Todo vale, vienen a decir. Hay honorables excepciones, y muchas, claro que sí, pero en este tiempo de COVID19 ha resultado dramáticamente ridículo, por ejemplo, el espectáculo dado por políticos aplicados en la “denuncia” de directrices supuestamente irresponsables contra la propagación del virus. Descalificaciones especialmente graves, teniendo en cuenta los efectos dramáticos de la pandemia y la ignorancia, la falta absoluta de conocimiento científico por parte de los políticos que formulaban y formulan estas críticas. Ataques solo pensados para causar daño a los rivales y debilitarlos políticamente.

¿Diferencias estratégicas?

Ahora se acercan elecciones en Catalunya, y no dejamos de ver soberanistas que hablan de discrepancias estratégicas con otros soberanistas, sin explicar nada de nada sobre qué diferencias existen entre la Catalunya del futuro que imaginan unos y otros.

Se escuchan casi todos los días declaraciones en favor de la unidad o la ampliación del espacio político común, sin perder ocasión de lanzar ataques contra el socio y de negociar acuerdos unilaterales con fuerzas que consideran antagónicas, sin que importe, parece, la desafección que provocan con estas conductas entre la gente que en otro momento encabezaron en grandes movilizaciones.

Y también están los que no se cansan de hacer llamamientos a una alianza entre “fuerzas de izquierda”, para apoyar a un Ejecutivo progresista como el que desde Madrid hace política con un ojo puesto en las encuestas y el otro en los mercados financieros. Un Gobierno que ha hecho posible la aprobación de leyes efectivamente progresistas, como la de eutanasia, o la mejora en pequeña medida del salario mínimo, y que se ve obligado a gestionar en circunstancias muy difíciles las medidas contra la pandemia, pero que deposita sus esperanzas en la llegada de fondos comunitarios, sin precisar los sujetos económicos que “pondrán a trabajar” este dinero, que no plantea en el corto plazo ninguna reforma fiscal más allá de los timidísimos cambios introducidos con la ley de presupuestos, mantiene la desregulación del mercado laboral impuesta por los gobiernos anteriores, no propone ninguna medida para romper de verdad la brecha salarial entre hombres y mujeres, supedita el derecho a la vivienda a las ganancias de propietarios y fondos buitre, sigue sin hacer efectivo el cobro del Ingreso Mínimo Vital y no apunta ni de lejos a la posible implantación de una renta garantizada para todo el mundo, incrementa el gasto en armamento, tolera la agitación ultraderechista dentro del Ejército, reclama respeto por las decisiones de una cúpula judicial y una fiscalía repleta de magistrados filofranquistas, considera utópica la aprobación de una amnistía para miles de represaliados del proceso soberanista, mantiene la ley mordaza y los atentados consecuentes contra la libertad de expresión, defiende “valores republicanos” vacíos de contenido, manifiesta lealtad a una institución monárquica corrupta, aumenta el presupuesto de la Corona, se niega a replantearse la estructura radial del Estado, vulnera permanentemente el derecho de los inmigrantes a tener derechos y asiste pasivamente a la degradación del espacio natural.

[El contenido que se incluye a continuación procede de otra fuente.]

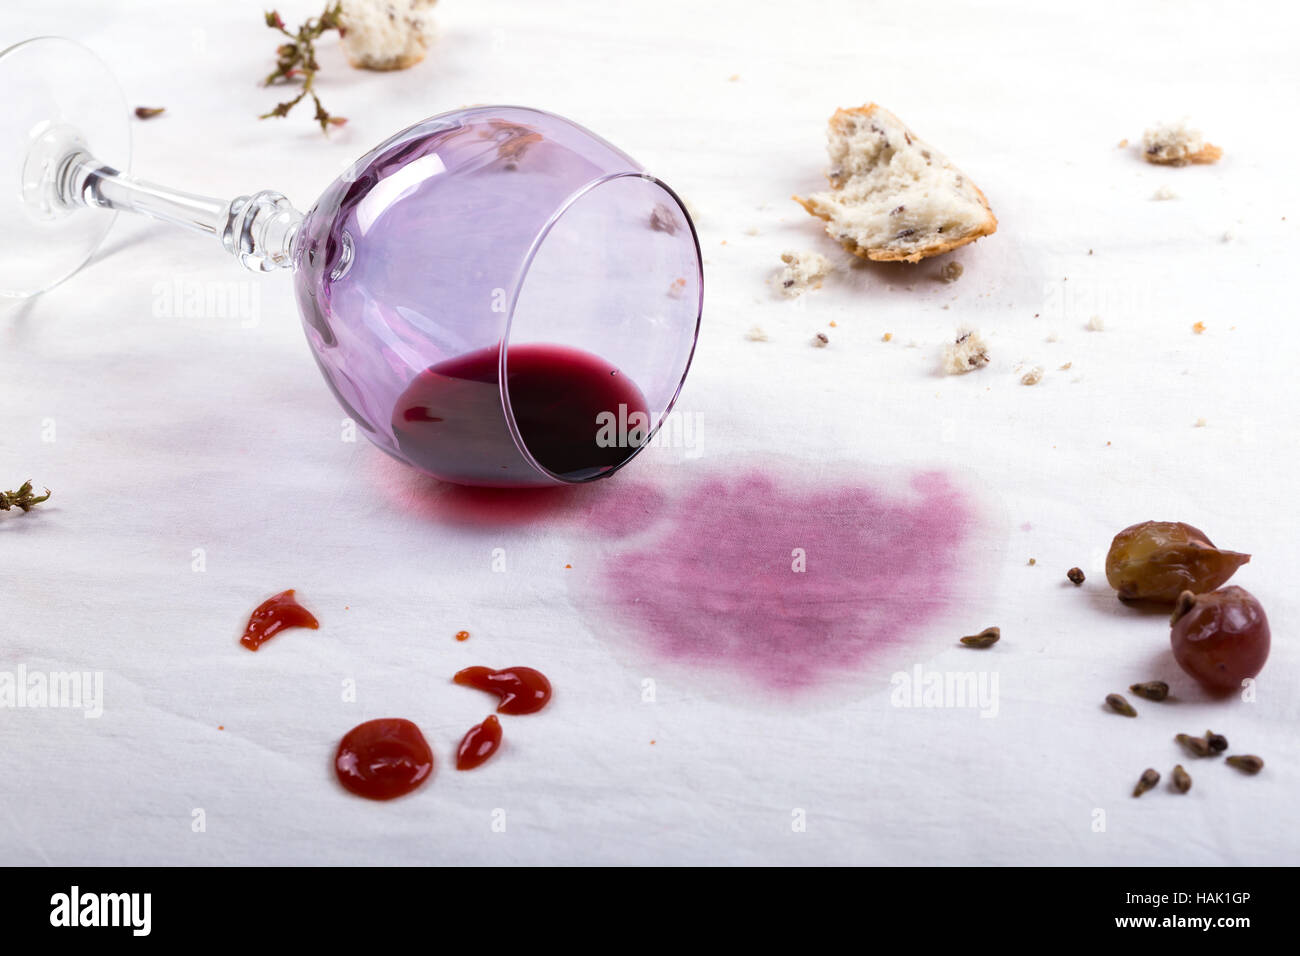 Taches sur la nappe de verre de vin renversé et de l'alimentation Banque D'Images

Los agentes que controlan el Gobierno español se conforman con mantener la esencia de lo que hay y con vender como política “progresista” el pago entre todos de los costes de la grave crisis económica que acompaña a la pandemia. Dejaron atrás como agua pasada el tiempo de ilusión colectiva en “otro mundo posible”, de reivindicación de una vida en “democracia real”, aquel período de repolitización de la sociedad y de movilizaciones enormes, reivindicativas de derechos democráticos y de posibilidades de vivir dignamente, solidariamente.

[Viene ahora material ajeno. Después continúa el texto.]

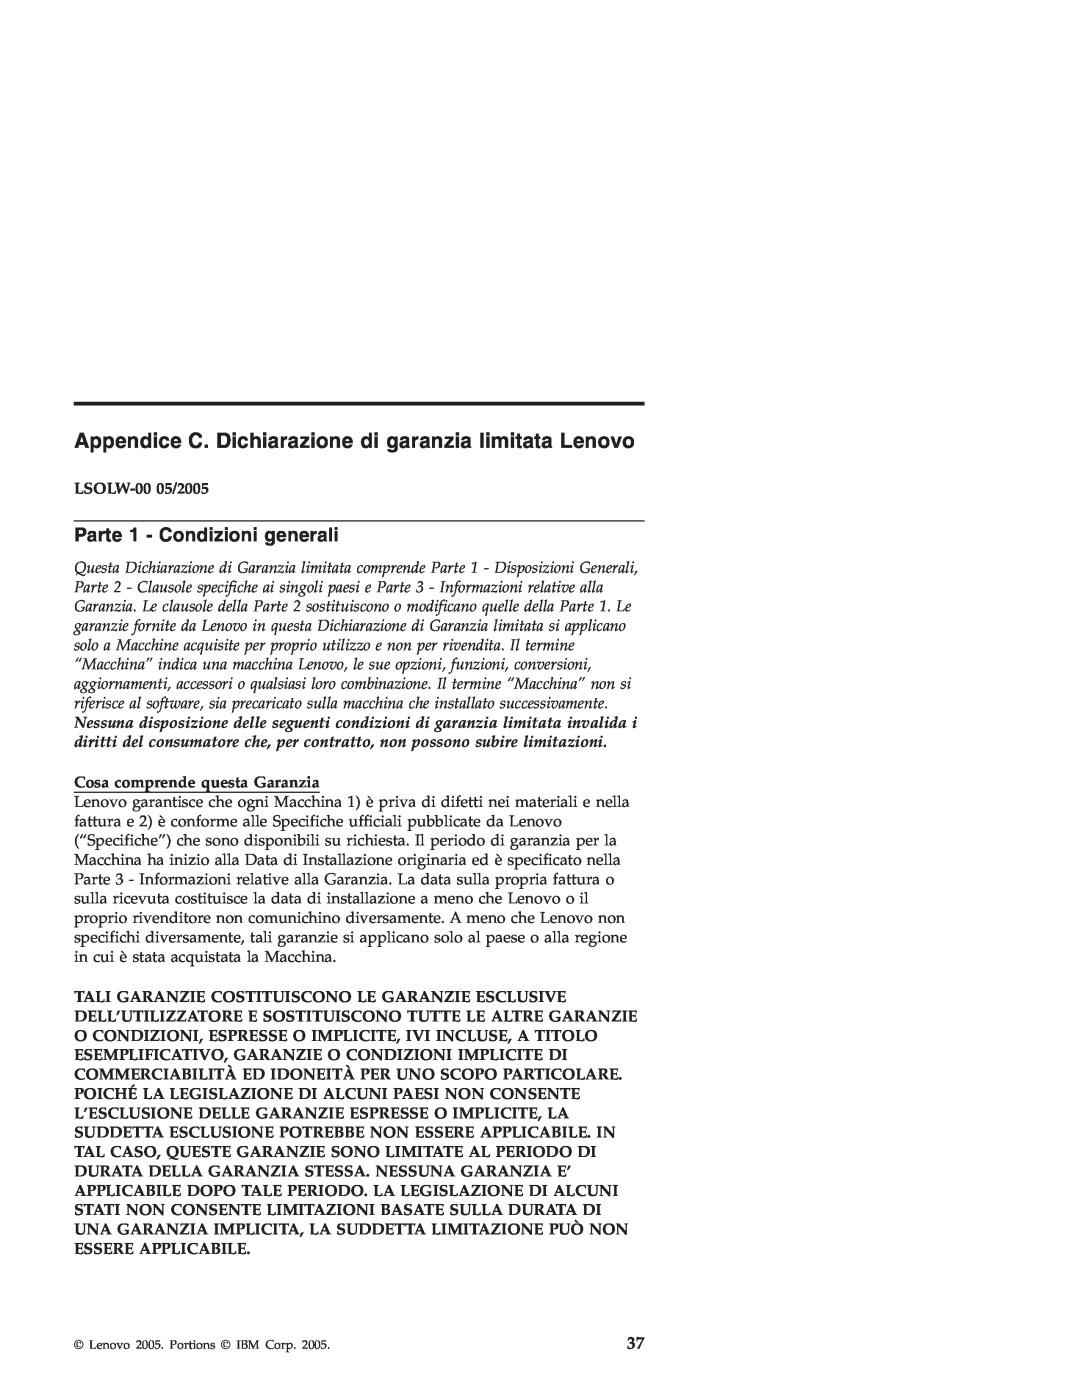 Lenovo 3000 SERIE J manual Appendice C. Dichiarazione di garanzia limitata Lenovo, Parte 1 - Condizioni generali

Quizás la gente mayor no llegará a ver un proceso de contestación social de tanto impacto como el que se inició con el 15M del 2011, ni un fenómeno impugnador del actual régimen como el vivido en Catalunya durante la pasada década, pero será necesario que en algún momento, más temprano que tarde, sea posible una reflexión colectiva y muy amplia sobre el factor político estructural que tantas veces a lo largo de la historia ha frustrado esperanzas de verdadero cambio: la burocracia.